With the fact that for every 9 US stations, there needs to be 1 Canadian in a programming package, with a minimum of 8 Canadian stations being broadcasted, can't both XM and SIRIUS just launch a bird in a Canadian Orbital slot and fill it only with Canadian Programming, then just add it as tiers...

Will be interesting to see if those south of Canada will be able to pickup the Canadian Content, and what will that mean when travelling to Canada? I know that both Sirius and XM have reception in Canada because they need to transmit in both Alaska and northeast USA (being that Ontario is more south than some states, so they get carry over), also what will happen to the sports programing...


----------



## Steve Mehs (Mar 21, 2002)

I never liked this idea from the start. If XM or Sirius want to get into Canada they should launch separate services. Bandwidth is limited and I don’t want channels to be axed or sound quality to get worse because of a bunch of Canadian stations have to be added.


----------



## alebowgm (Jun 12, 2004)

While I agree with that, I believe that in order for Sirius or XM to get into Canada, they also need to operate some of their programming from a Canadian DBS Slot. Hence, any of the Canadian stations that have to be added can be added only from the Canadian satellites that will be launched. 

Moreover, the Canadian content may be of interest, depending on what they decide to go with for every 1 of 9 stations...


----------



## obrienaj (Apr 8, 2004)

alebowgm said:


> While I agree with that, I believe that in order for Sirius or XM to get into Canada, they also need to operate some of their programming from a Canadian DBS Slot. Hence, any of the Canadian stations that have to be added can be added only from the Canadian satellites that will be launched.
> 
> Moreover, the Canadian content may be of interest, depending on what they decide to go with for every 1 of 9 stations...
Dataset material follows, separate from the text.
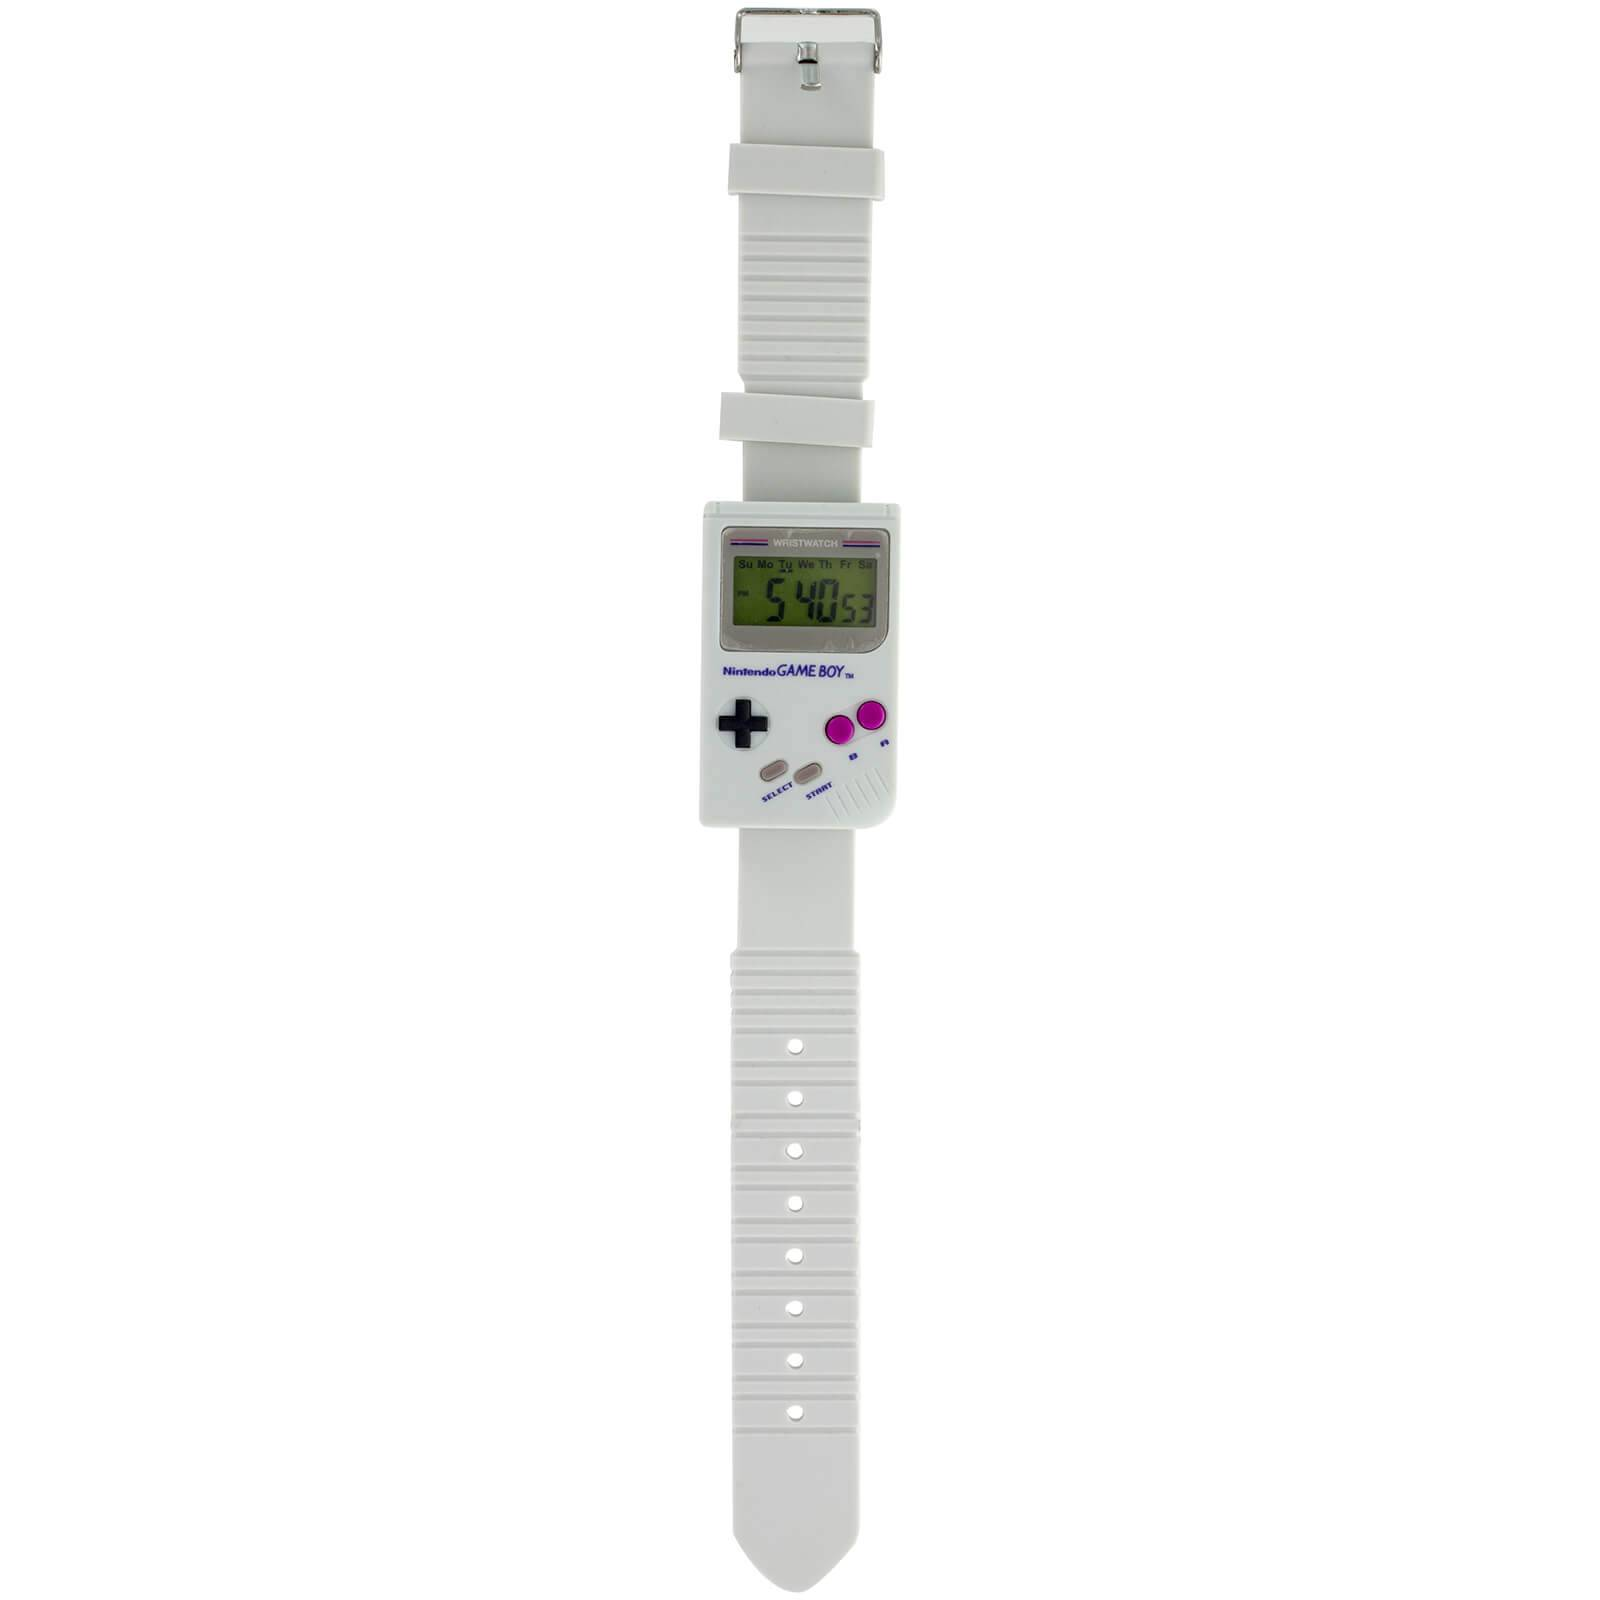 Paladone Nintendo Game Boy Watch

Canadian content is generally more varied than US radio content. Certainly, CBC's networks are significantly different than most US broadcast stations carrying a wide array of entertainment and news, much broader than NPR. "Regular" (Non-CBC) Canadian stations sound similar to US stations but often have a broader play list, feature a few more unfamliar/new artists, don't beep out swear words as much. French language Canadian stations will have more European feel to their music, not just songs in French, more Europop in English. Sports Networks in Canada sound the same as the USA stations.


----------



## Art7220 (Feb 4, 2004)

Steve Mehs said:


> I never liked this idea from the start. If XM or Sirius want to get into Canada they should launch separate services...


The problem would be, we would have to get new equipment if we want to hear the Can channels. Then, it would be like DirecTV and Dish, who have zero Canadian content, which is why I dropped them except for the supers. There's cable, if you really want to see American channels. But anyway...

I'm now thinking of going Gray Market for Stern next year. Saves a couple bucks off the subscription. Expect a lot of grays from the US now.

-A-


----------



## SamC (Jan 20, 2003)

What you will hear (XM version) IMHO:

On the music side, they will have to come up with 8 Canadian stations in order to offer all of the so-called US musical channels. So look for one Canadian channel per basic genre, such as Canada Rocks, Canadian Country, etc. Plus a couple of these will have French DJs, which covers the French requirement. These will NOT be offered to US subscribers. 

On the talk/sports/other side, look for nothing on the sports menu other than NASCAR (until it goes away) and the baseball package, probably with the Blue Jays always having their announcers on (rather than the current system of always using the home team). Then they will look for Canadian versions of sports talk networks or produce their own. Maybe one or two of these. On the talk side, the only ones that would show up would be ASK, Radio Classics, Sonic, Discovery, Open Road, and the two comedy channels. Probably with Toronto, and maybe Montreal and Vancouver, added to the traffic system. None of the US news channels will make it, rather you will get probably a national feed of CBC, plus whatever they can hodgepodge together as a Canadian political talk channel out of syndication, plus CPAC.

Other than perhaps CBC, the effect of this on US subscribers will be zero. US units will "see" the current US line up, plus perhaps the CBC. Canadian units will "see" the line-up I describe above. Unauthorized channels on both sides of the line simply won't appear.


----------



## SAEMike (May 29, 2004)

alebowgm said:


> http://www.pulse24.com/Business/Top_Story/20050616-002/page.asp
> 
> With the fact that for every 9 US stations, there needs to be 1 Canadian in a programming package, with a minimum of 8 Canadian stations being broadcasted, can't both XM and SIRIUS just launch a bird in a Canadian Orbital slot and fill it only with Canadian Programming, then just add it as tiers...
> 
> Will be interesting to see if those south of Canada will be able to pickup the Canadian Content, and what will that mean when travelling to Canada? I know that both Sirius and XM have reception in Canada because they need to transmit in both Alaska and northeast USA (being that Ontario is more south than some states, so they get carry over), also what will happen to the sports programing...


Sirius and XM do not offer service in Alaska.


----------